Taylor V Caldwell [1863]

This case suggested that where the parties would have agreed that upon the occurrence of the matter in question the parties would consider the contract at an end.

Lord Loreburn In FA Tamplin V Anglo-Mexican Petroleum [1916]

(2) The Radical Change In The Obligation Test.

The 'radical change in the obligation' test in this case was:-
1. Look at the contract in light of the contract and surrounding circumstances when it is first entered into.
2. Look at the new circumstances and consider what would happen if the contractual terms were applied to these new circumstances.
3. Compare the two contractual obligations and see if there is a radical or fundamental change.

Lords Reid And Radcliffe In Davis Contractors V Fareham UDC [1956]

Lord Wilberforce said the test to be applied (out of the two) is the one that is fairest to the particular circumstances of the case in question.

National Carriers V Panalpina [1981]

2. Examples of frustrated contracts
i) Destruction of the specific subject matter of the contract
The destruction of the specific object required for performance of the contract frustrates it where without the object the contract cannot take place.

Taylor V Caldwell [1863]

ii) Personal Incapacity of one of the parties
A drummer was contracted to work every day, but due to illness could only work four nights a week. The drummer’s contract had been frustrated, because the commercial purpose could no longer be fulfilled, as it was necessary to employ another drummer.
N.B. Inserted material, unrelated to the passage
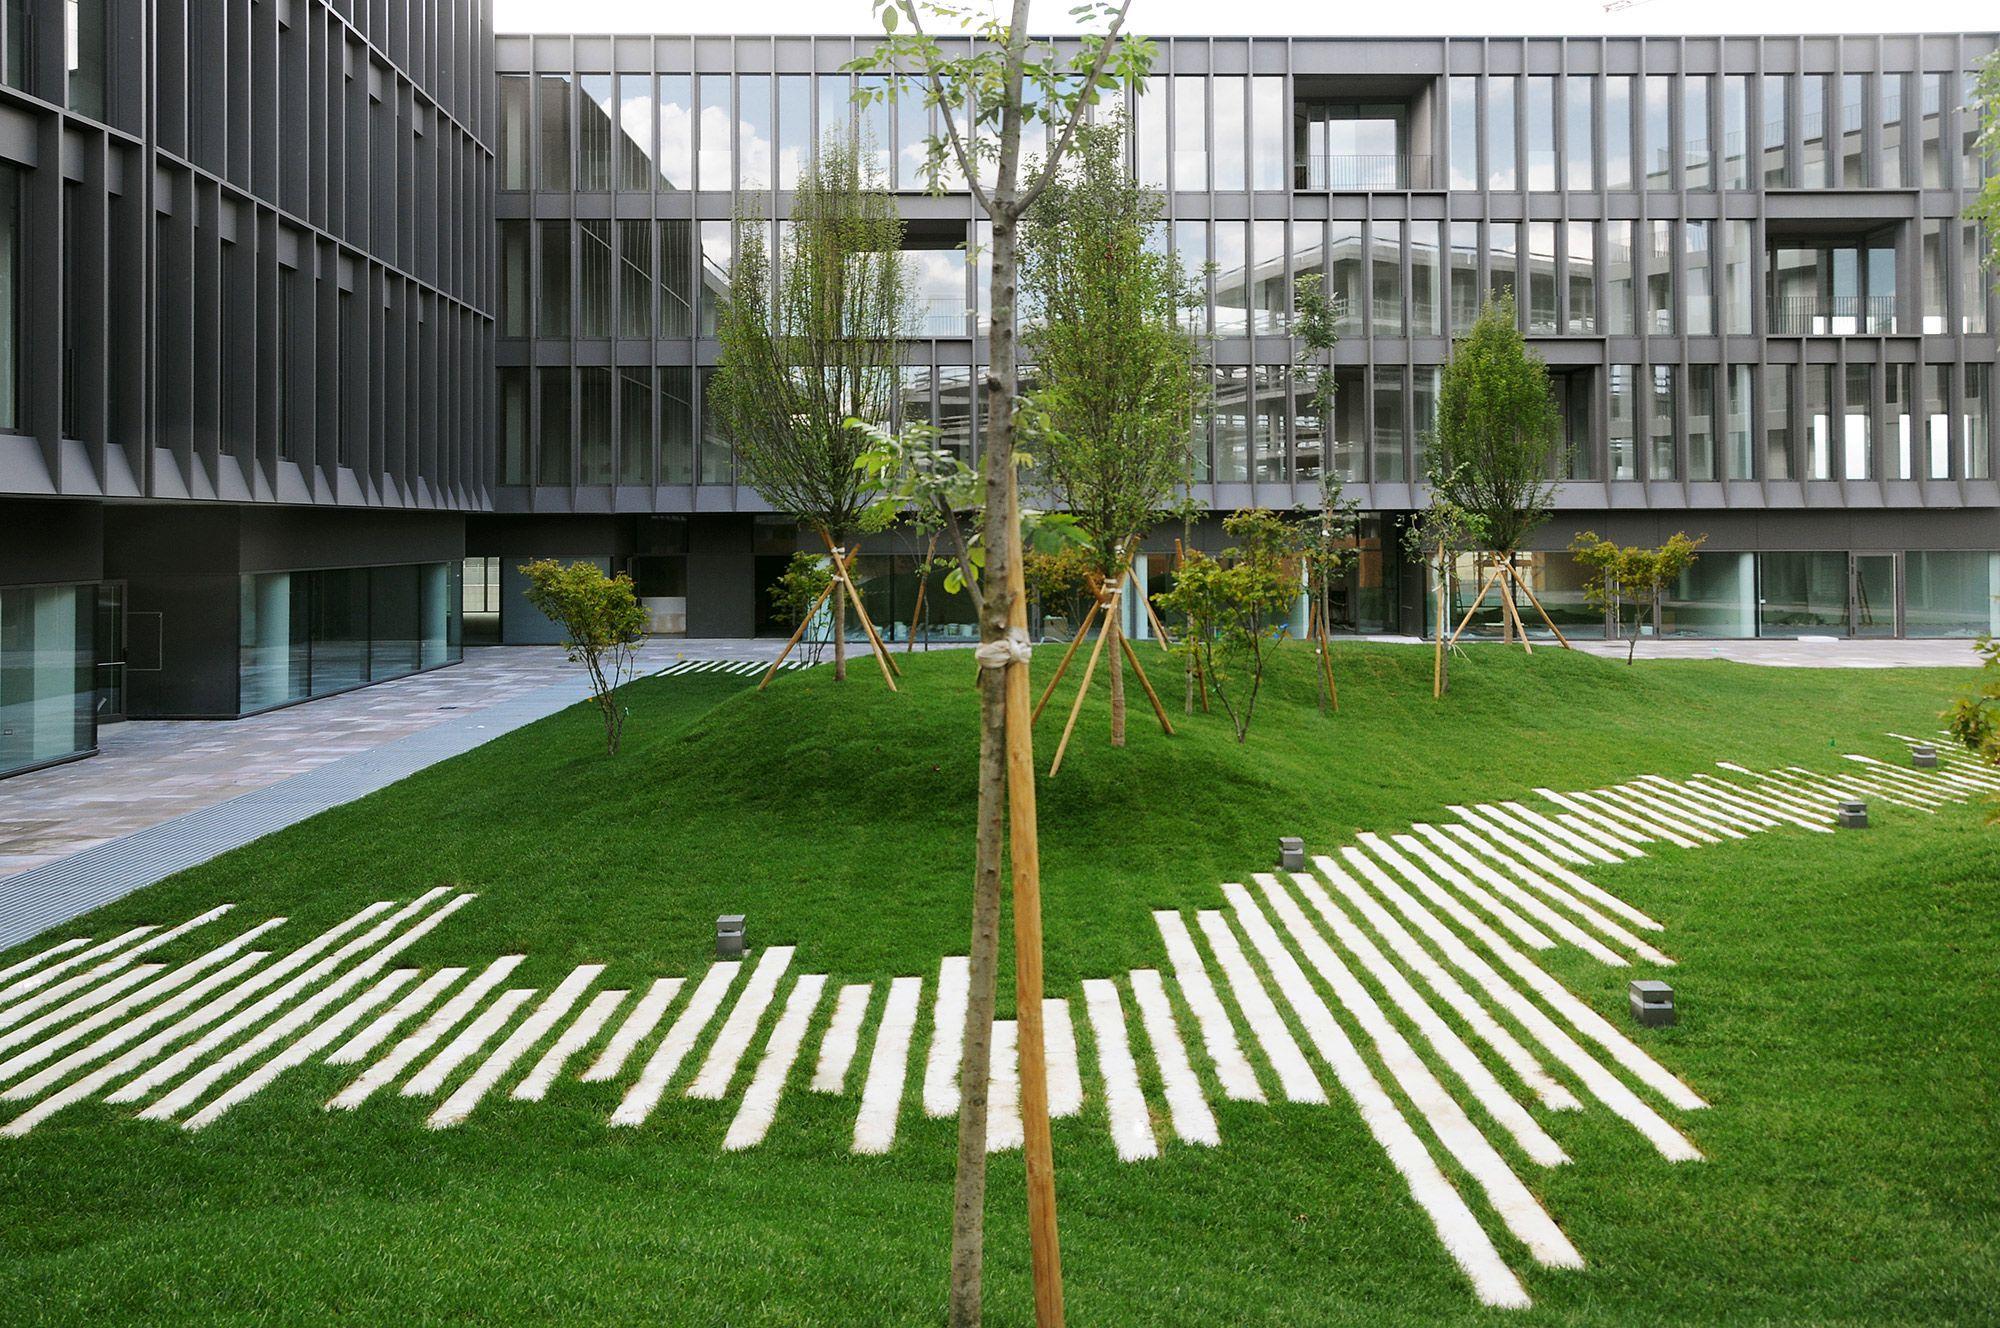 pavimentazione arredo urbano, pavimentazioni giardini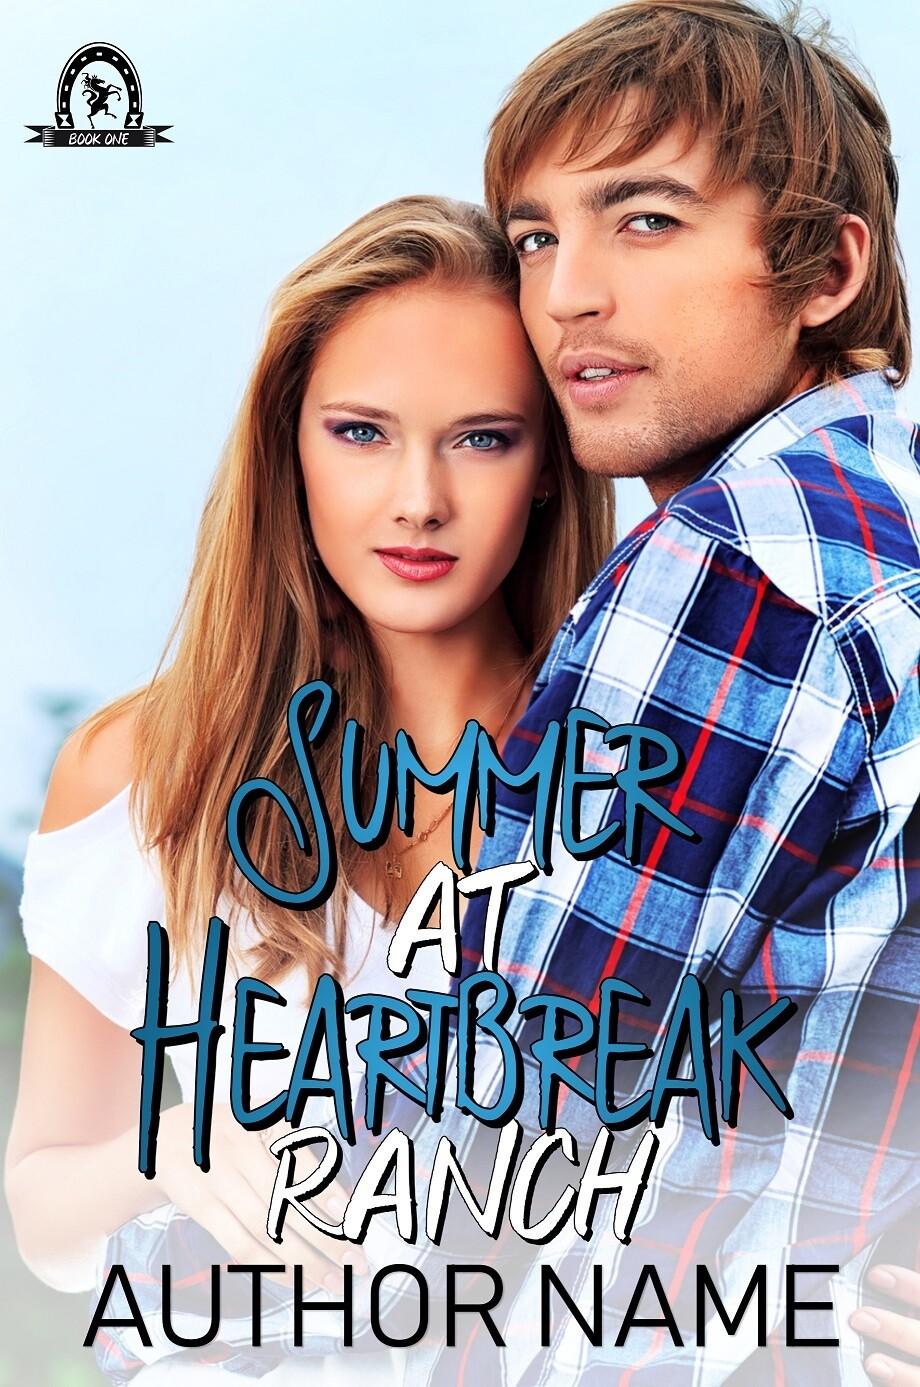 Summer At Heartbreak Ranch

Condor V The Baron Knights [1966]

iii) Non–occurrence of an event
An event may frustrate the contract if it is not caused by either party and could not be anticipated beforehand (e.g. a fire/lightning/flooding, etc.).
A room was hired to view the coronation of Edward VII, but it was postponed. Both parties knew the whole purpose of the contract was to watch the coronation and as it was not held the contract was frustrated.

Krell V Henry [1903]

Here Herne Bay contracted to hire a boat to take passenger to see a naval event which was to occur because of the coronation. However the coronation did not take place. The contract had not been frustrated, as there were two purposes for the contract and one was still possible i.e. to transport passengers around and this was still possible albeit a lot more unprofitably.

Herne Bay Steamboat Co V Hutton [1903]

iv) Government interference
Here Kerr agreed to build a reservoir and started 2 years of work, but due to a wartime statute had to stop work for what turned out to be 6 years in total (although due to uncertainty of war the amount of time work would have to be halted for was not known at the time). There was frustration, as the nature of the contract had completely changed.

Metropolitan Water Board V Dick Kerr [1918]

v) Subsequent illegality
This case concerned the supply of wheat. Due to wartime the government later passed legislation acquiring all rights in wheat. If the supplier had supplied the wheat it would have been illegal, therefore frustration had taken place.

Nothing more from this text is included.